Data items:
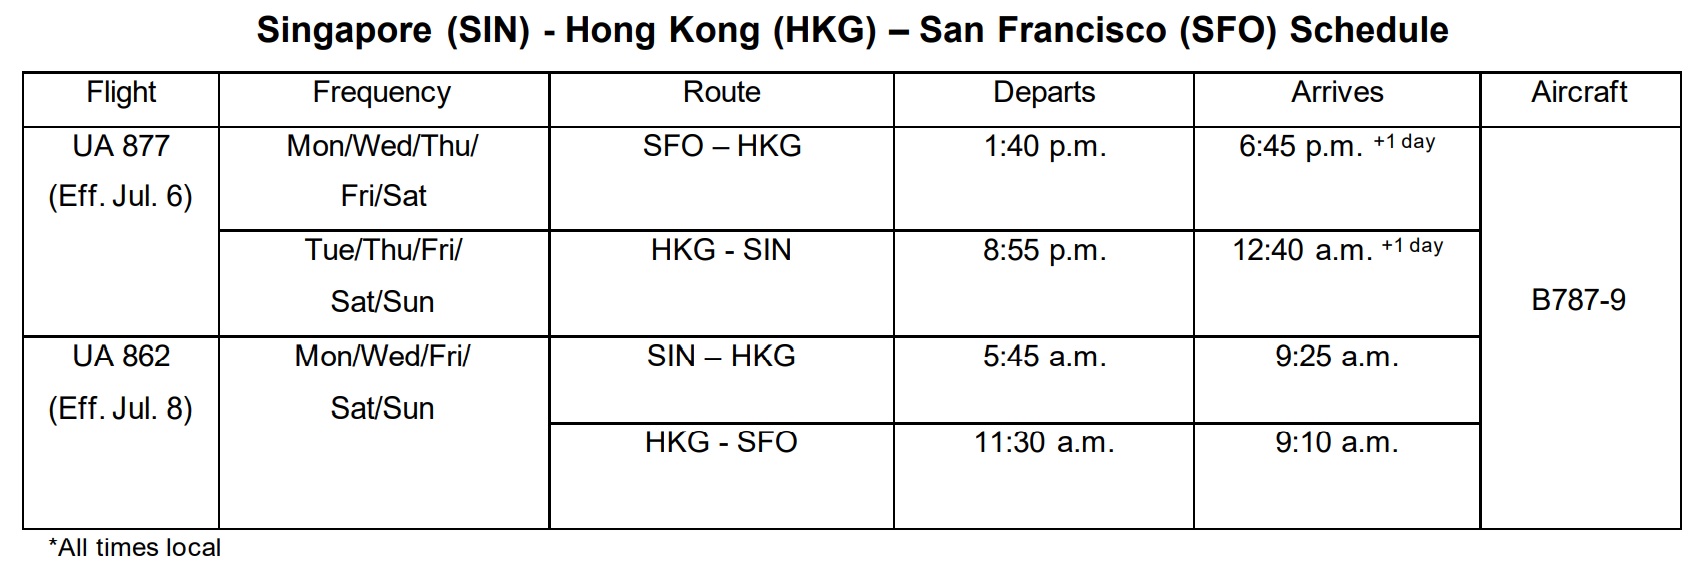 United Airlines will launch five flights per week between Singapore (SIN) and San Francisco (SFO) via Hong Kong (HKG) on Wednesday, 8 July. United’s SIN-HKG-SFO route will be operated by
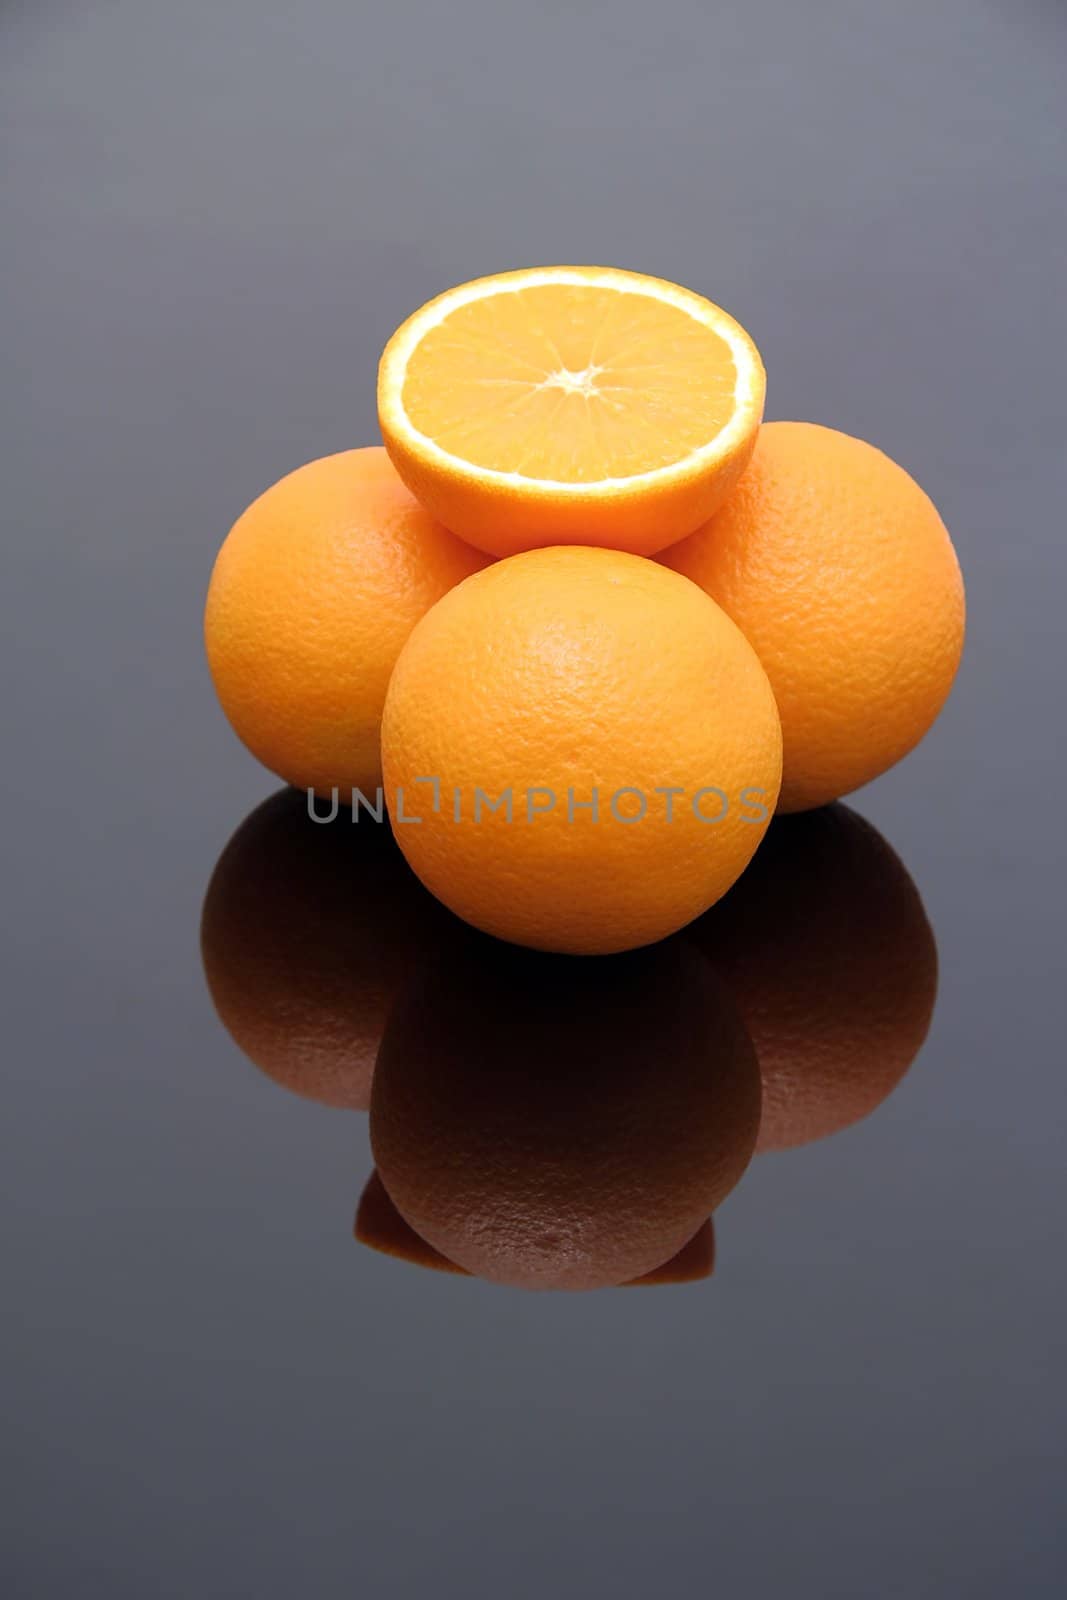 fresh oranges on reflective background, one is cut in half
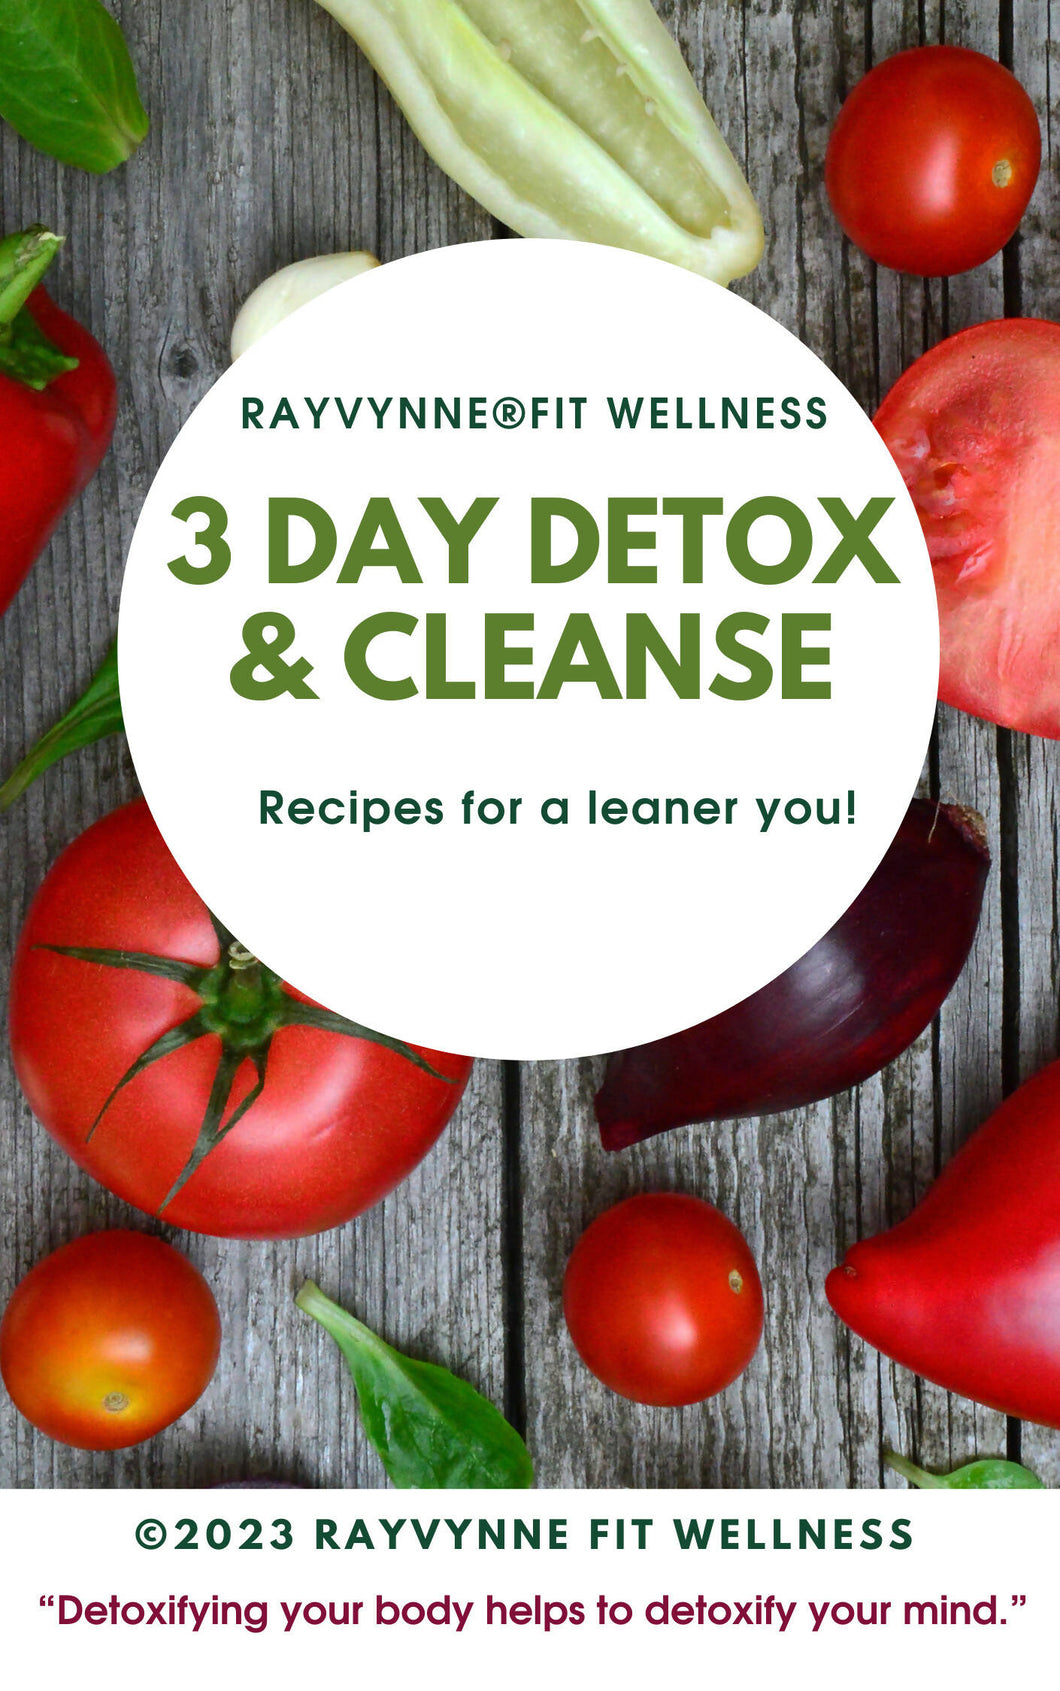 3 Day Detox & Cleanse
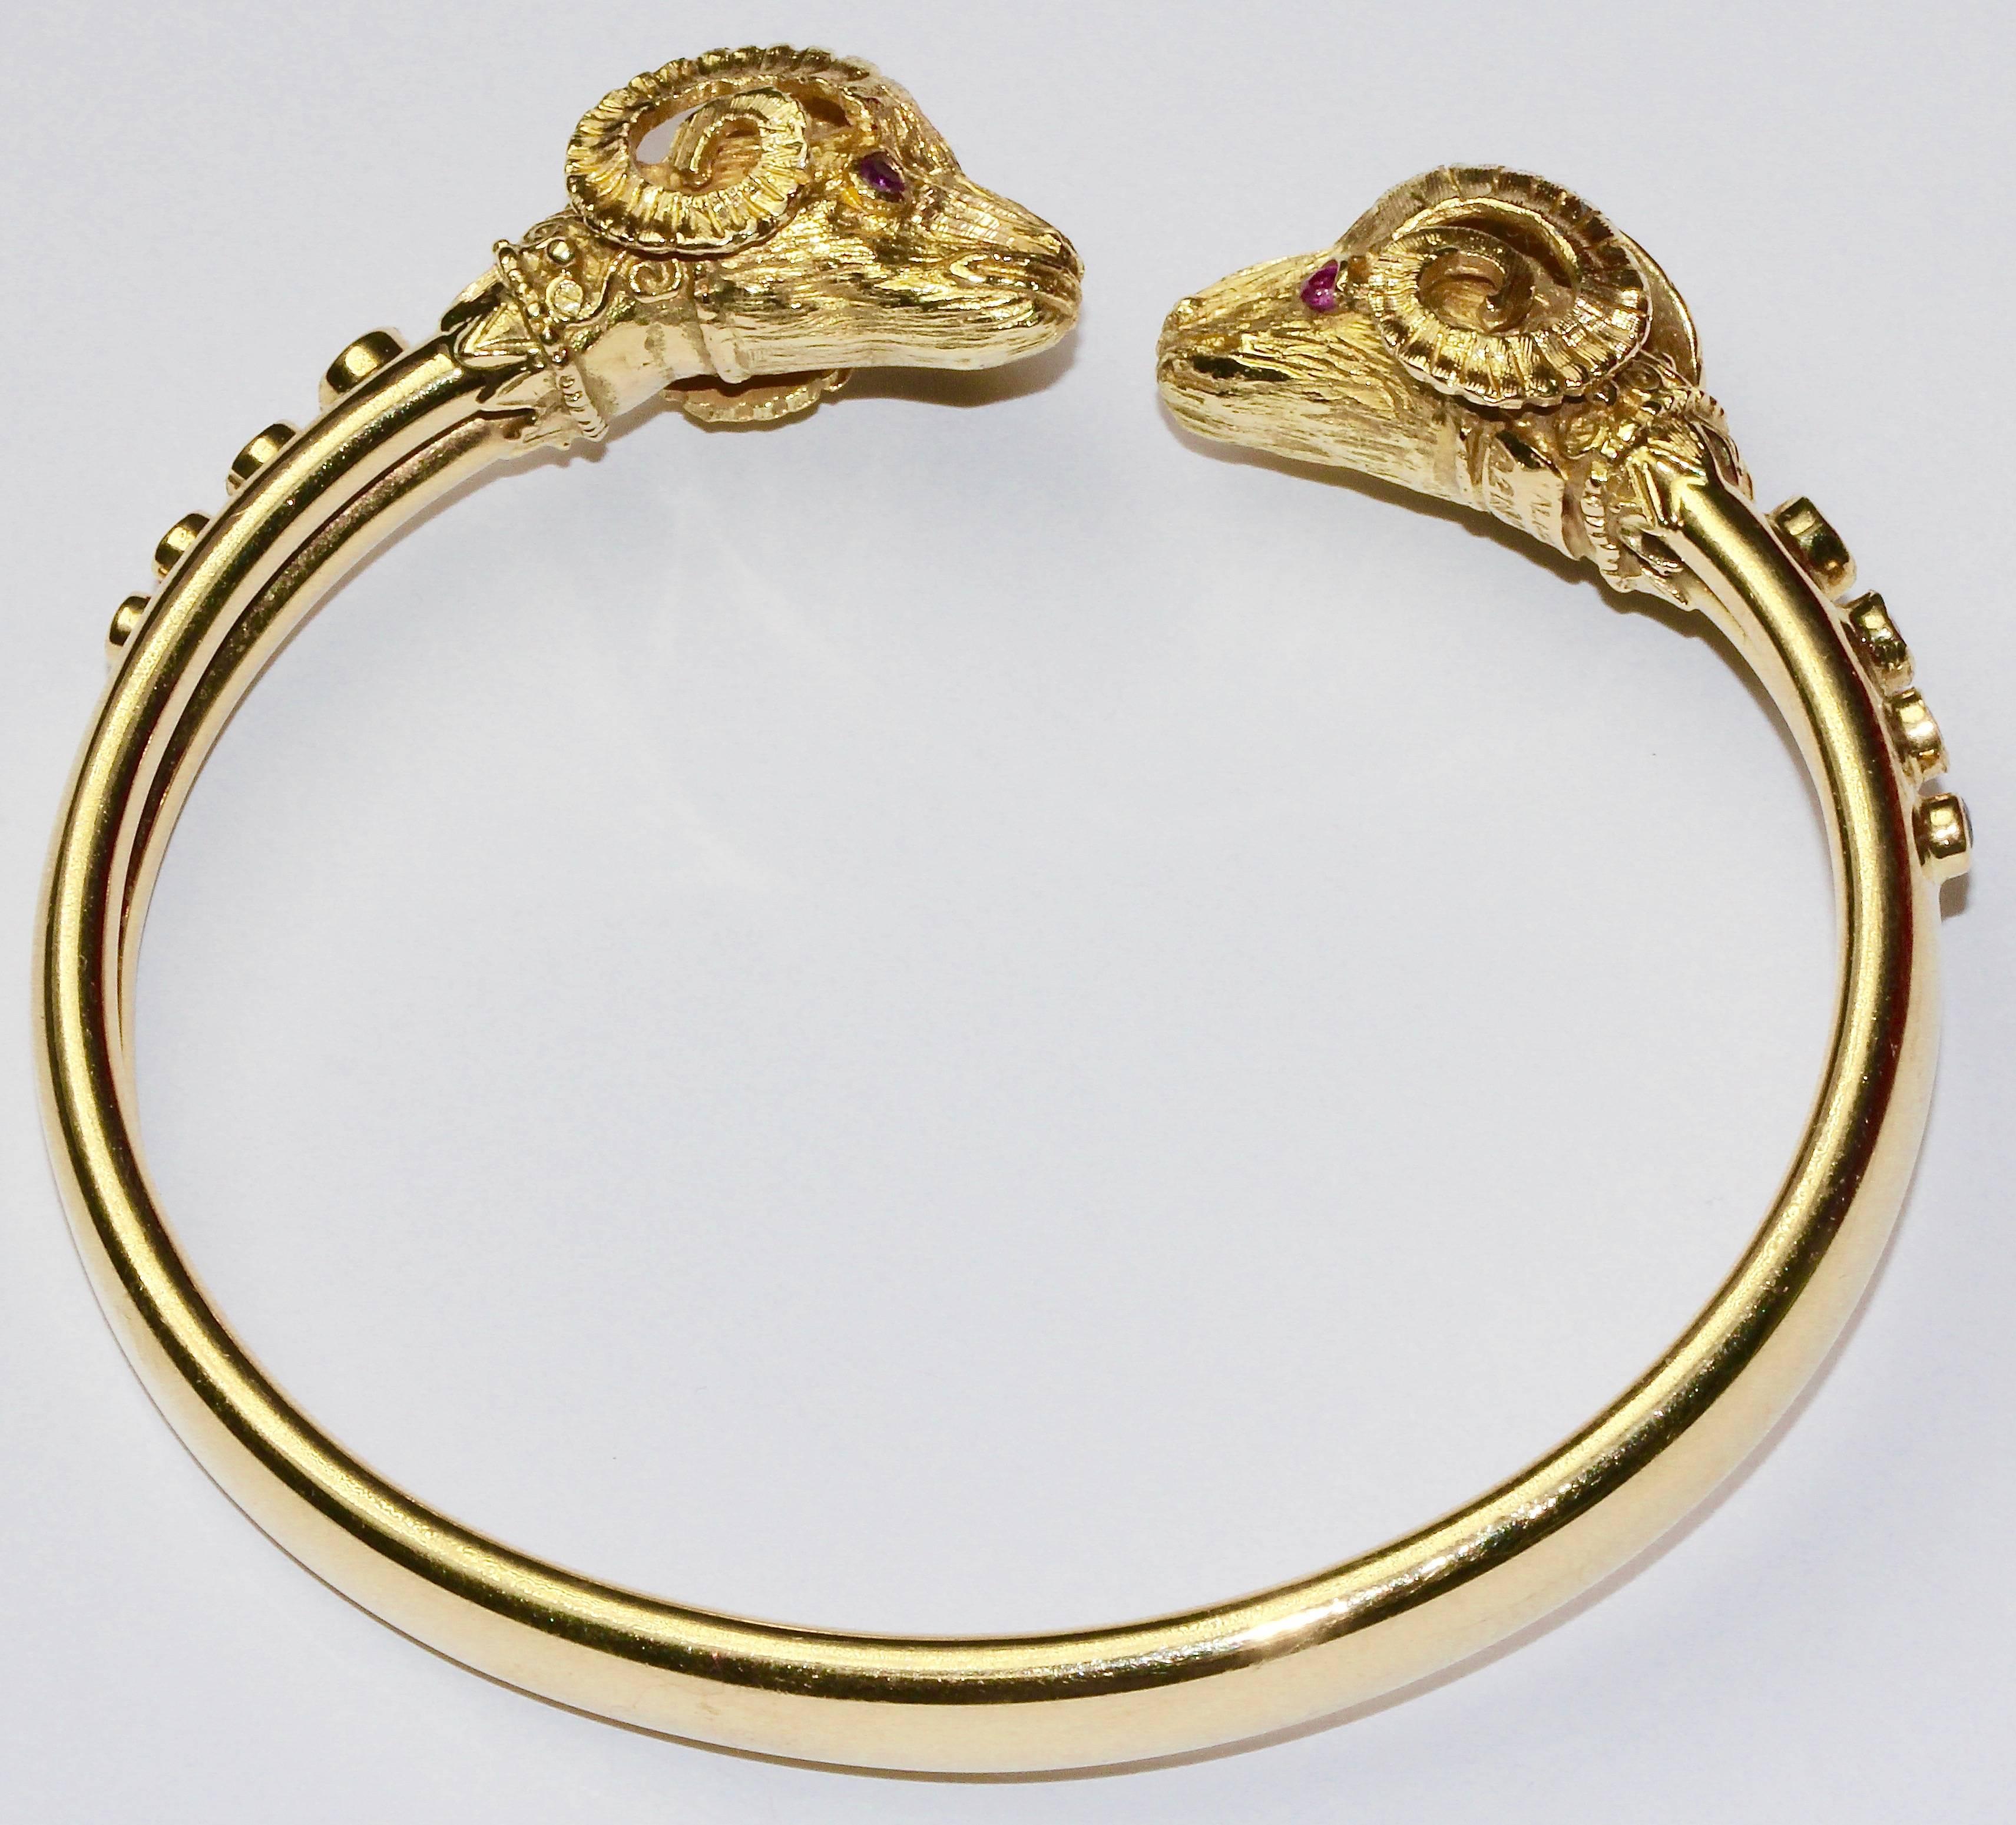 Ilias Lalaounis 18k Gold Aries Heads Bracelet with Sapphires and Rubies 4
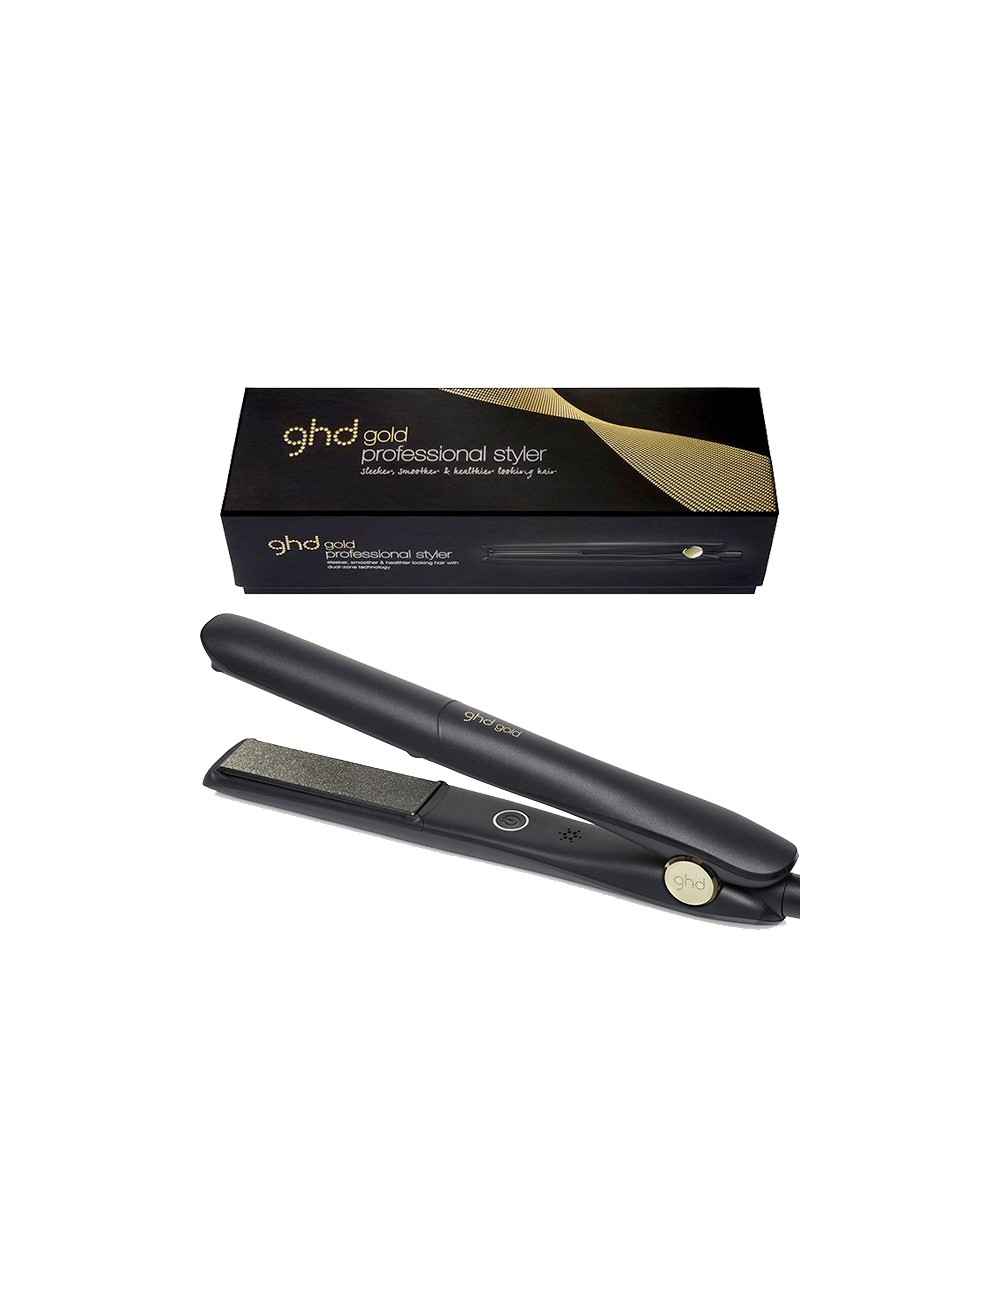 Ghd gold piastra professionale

Task
Transcribe all of the records exactly, without reproducing their pictures.

Written reply
 United Airlines will launch five flights per week between Singapore (SIN) and San Francisco (SFO) via Hong Kong (HKG) on Wednesday, 8 July. United’s SIN-HKG-SFO route will be operated by
 fresh oranges on reflective background, one is cut in half
 3 Day Detox & Cleanse
 Ilias Lalaounis 18k Gold Aries Heads Bracelet with Sapphires and Rubies 4
 Ghd gold piastra professionale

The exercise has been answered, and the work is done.